The neighboring cell is a free cell which can be checked via the 2-D grid map.
Here is my implementation:
#include <opencv2/opencv.hpp>
#include <algorithm>
#include "Timer.h"
/// CONSTANTS
static const int UNKNOWN_CELL = 197;
static const int FREE_CELL = 255;
static const int OCCUPIED_CELL = 0;
/// STRUCTURES for easier management.
struct vertex {
cv::Point2i id_;
cv::Point2i from_;
vertex(cv::Point2i id, cv::Point2i from)
{
id_ = id;
from_ = from;
}
};
/// To be used for finding an element in std::multimap STL.
struct CompareID
{
CompareID(cv::Point2i val) : val_(val) {}
bool operator()(const std::pair<double, vertex> & elem) const {
return val_ == elem.second.id_;
}
private:
cv::Point2i val_;
};
/// Some helper functions for dijkstra's algorithm.
uint8_t get_cell_at(const cv::Mat & image, int x, int y)
{
assert(x < image.rows);
assert(y < image.cols);
return image.data[x * image.cols + y];
}
/// Some helper functions for dijkstra's algorithm.
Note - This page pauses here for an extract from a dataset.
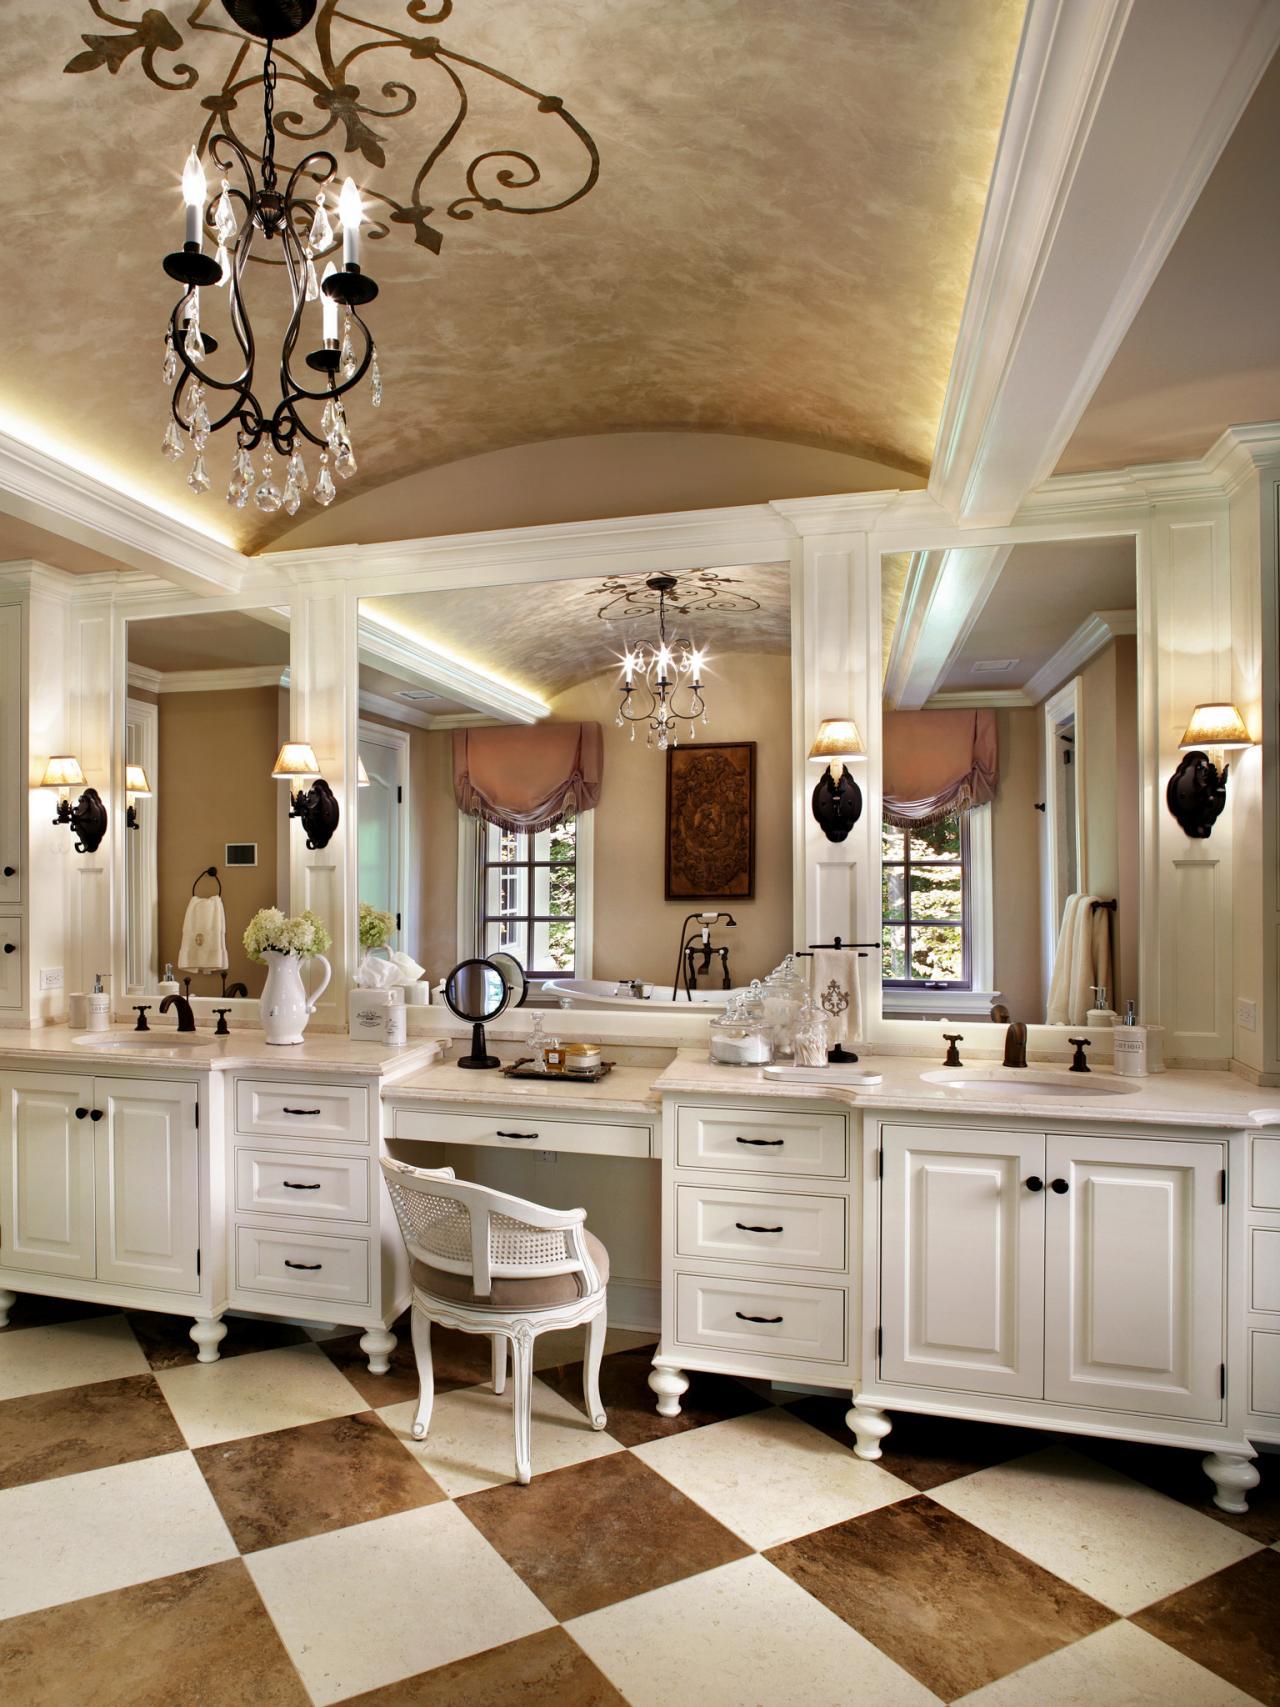 Charming-and-ravishing-checkered-floors

bool checkIfNotOutOfBounds(cv::Point2i current, int rows, int cols)
{
return (current.x >= 0 && current.y >= 0 &&
current.x < cols && current.y < rows);
}
/// Brief: Finds the shortest possible path from starting position to the goal position
/// Param gridMap: The stage where the tracing of the shortest possible path will be performed.
/// Param start: The starting position in the gridMap. It is assumed that start cell is a free cell.
/// Param goal: The goal position in the gridMap. It is assumed that the goal cell is a free cell.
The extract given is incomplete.